▸ **TASK INSTRUCTIONS**:
The result should be an exact copy of only the lines from the one holding "30% korting op" through the last line of the data below, please, without pictures.
(PROVIDED DATA)
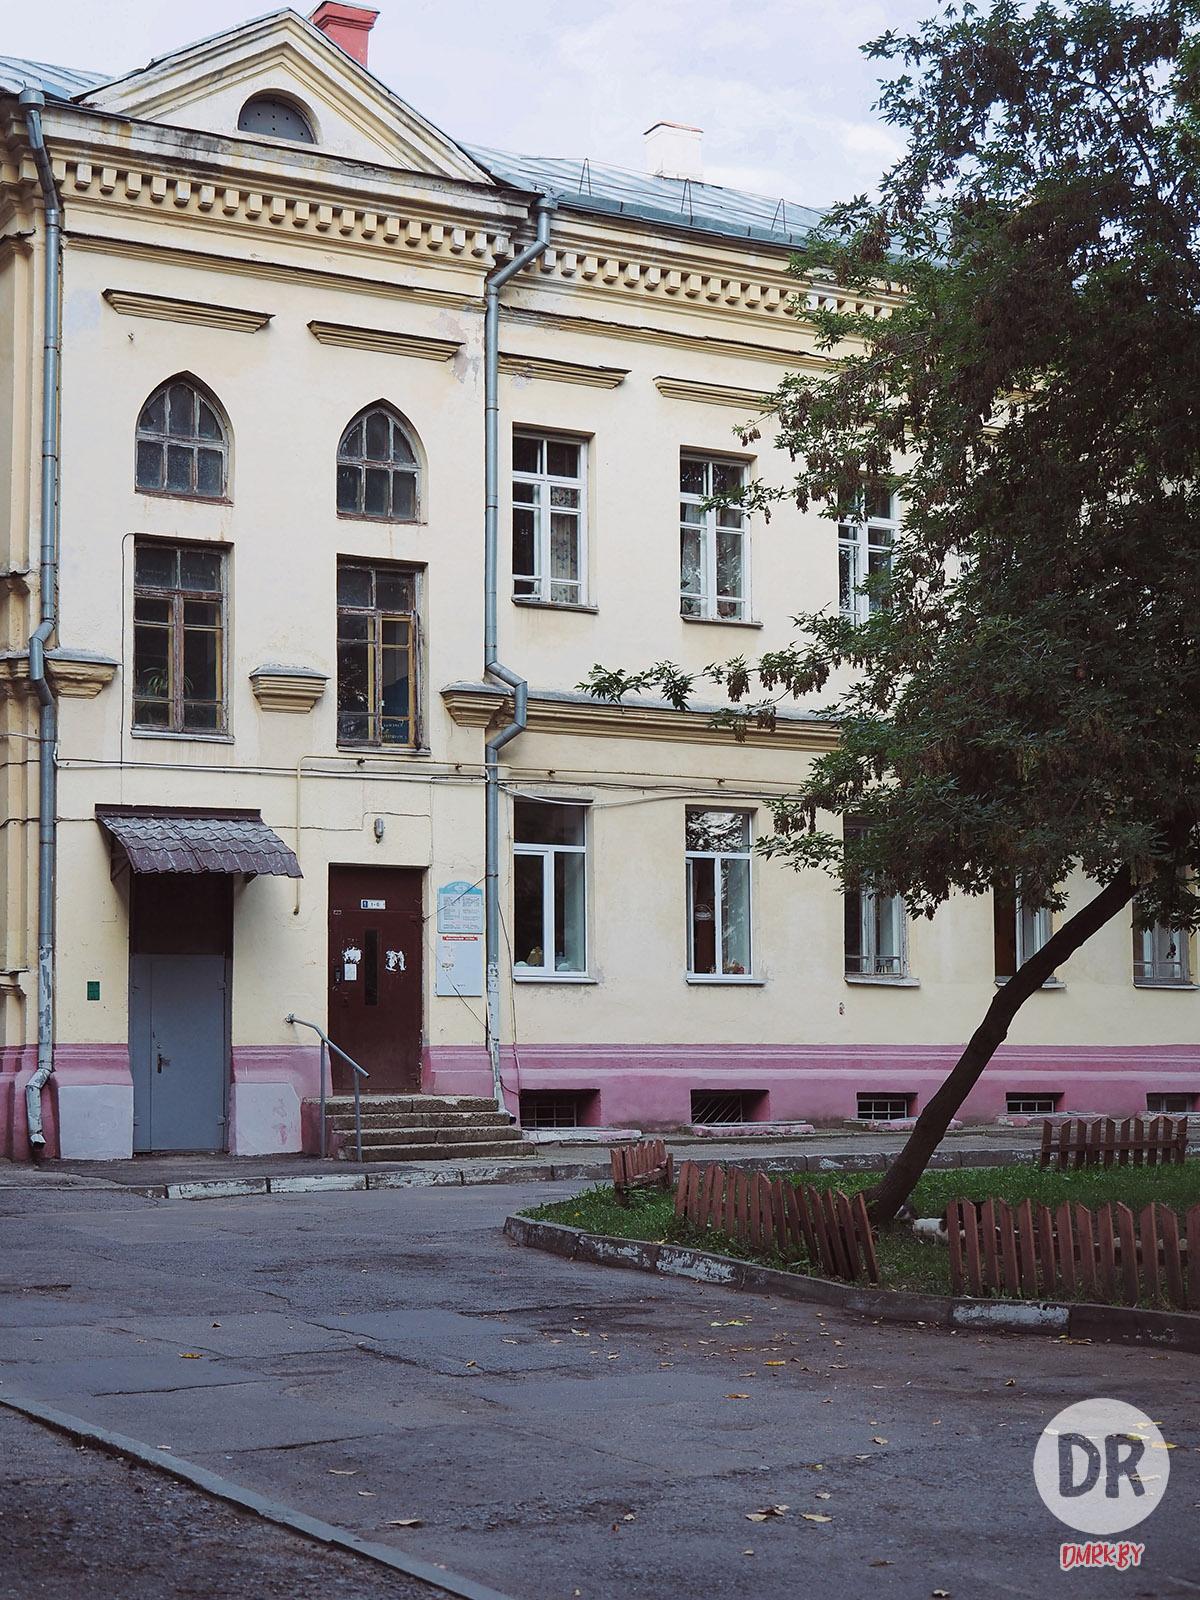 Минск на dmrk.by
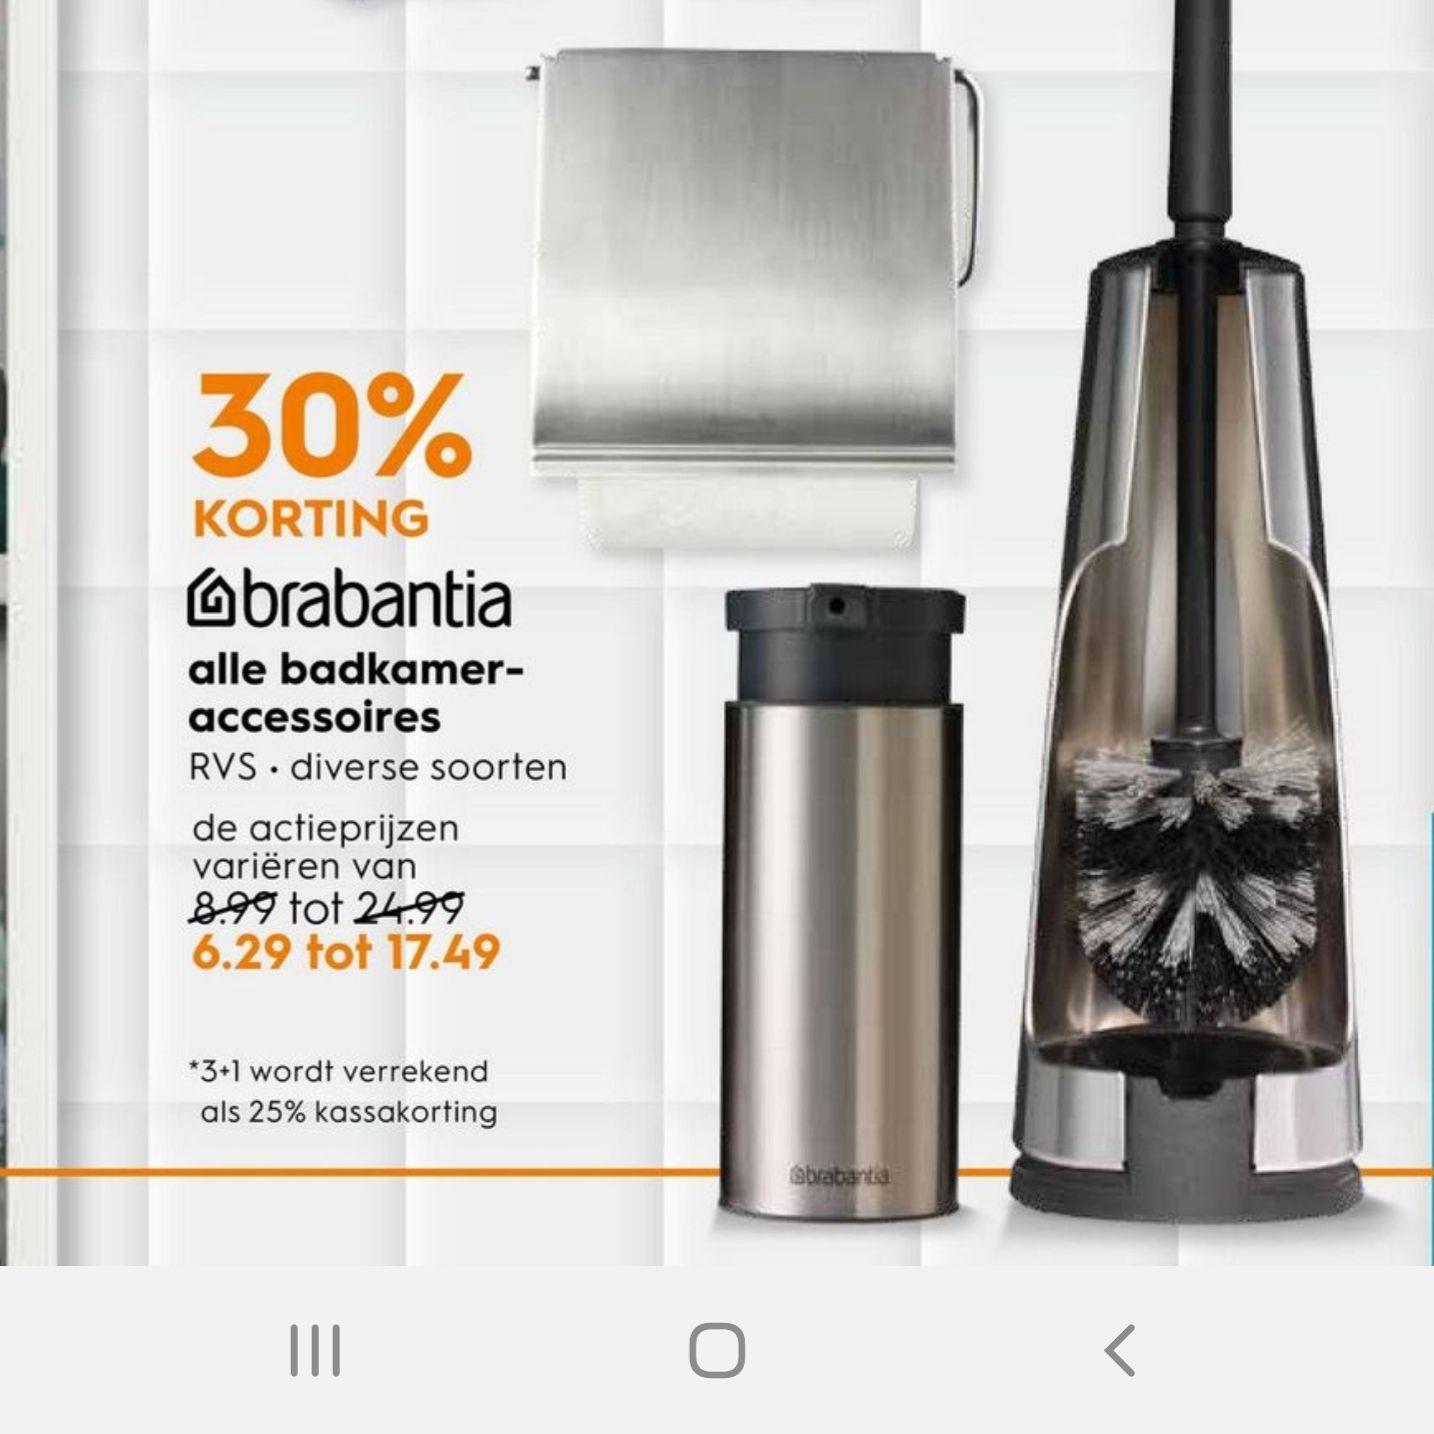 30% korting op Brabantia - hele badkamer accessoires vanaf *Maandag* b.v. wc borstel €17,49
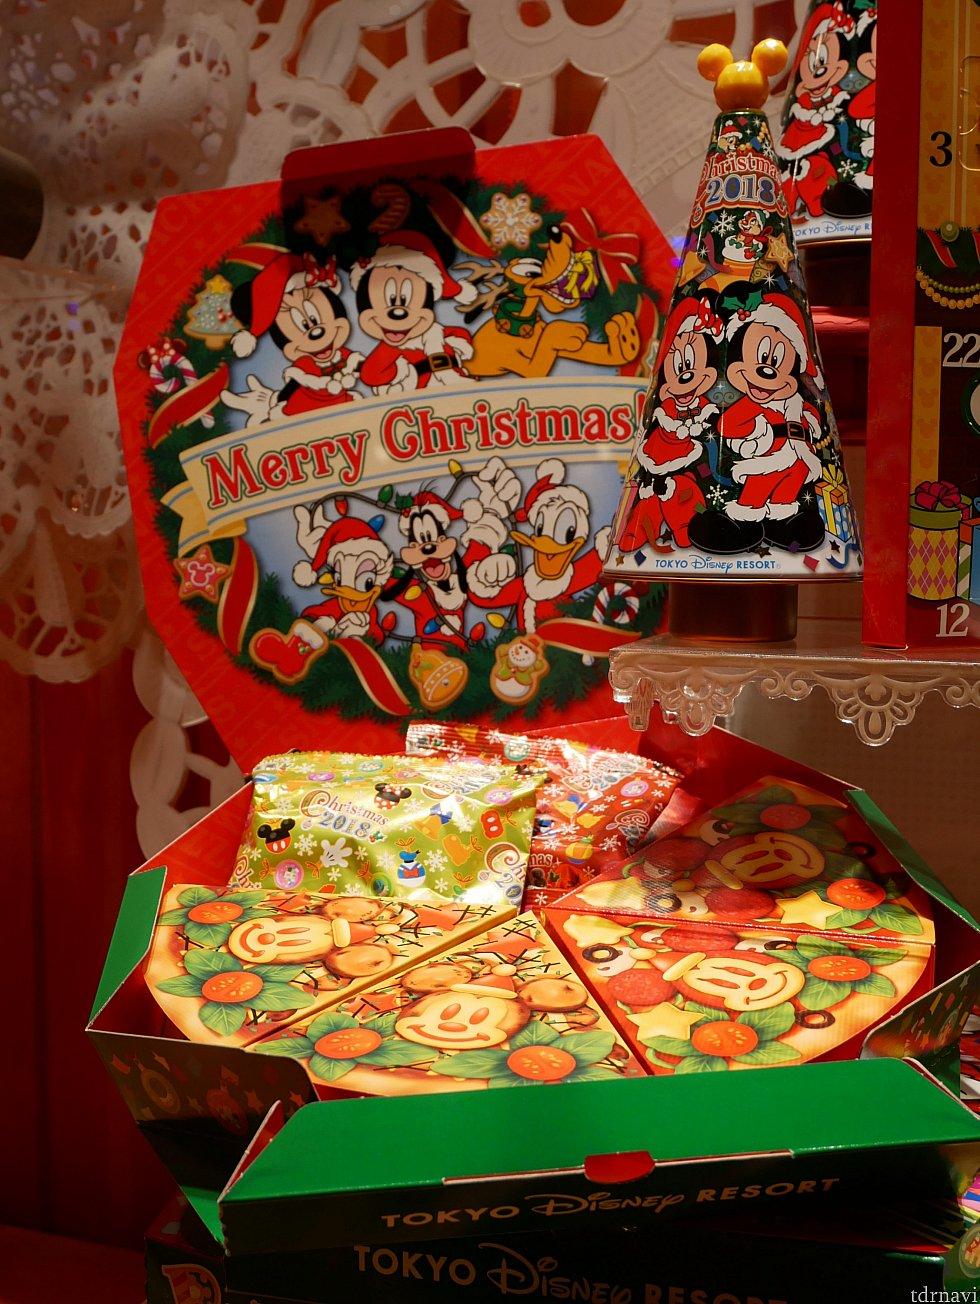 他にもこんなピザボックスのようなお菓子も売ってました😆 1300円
(End PROVIDED DATA)
▸ **ANSWER FOR THIS EXERCISE**:
 30% korting op Brabantia - hele badkamer accessoires vanaf *Maandag* b.v. wc borstel €17,49
 他にもこんなピザボックスのようなお菓子も売ってました😆 1300円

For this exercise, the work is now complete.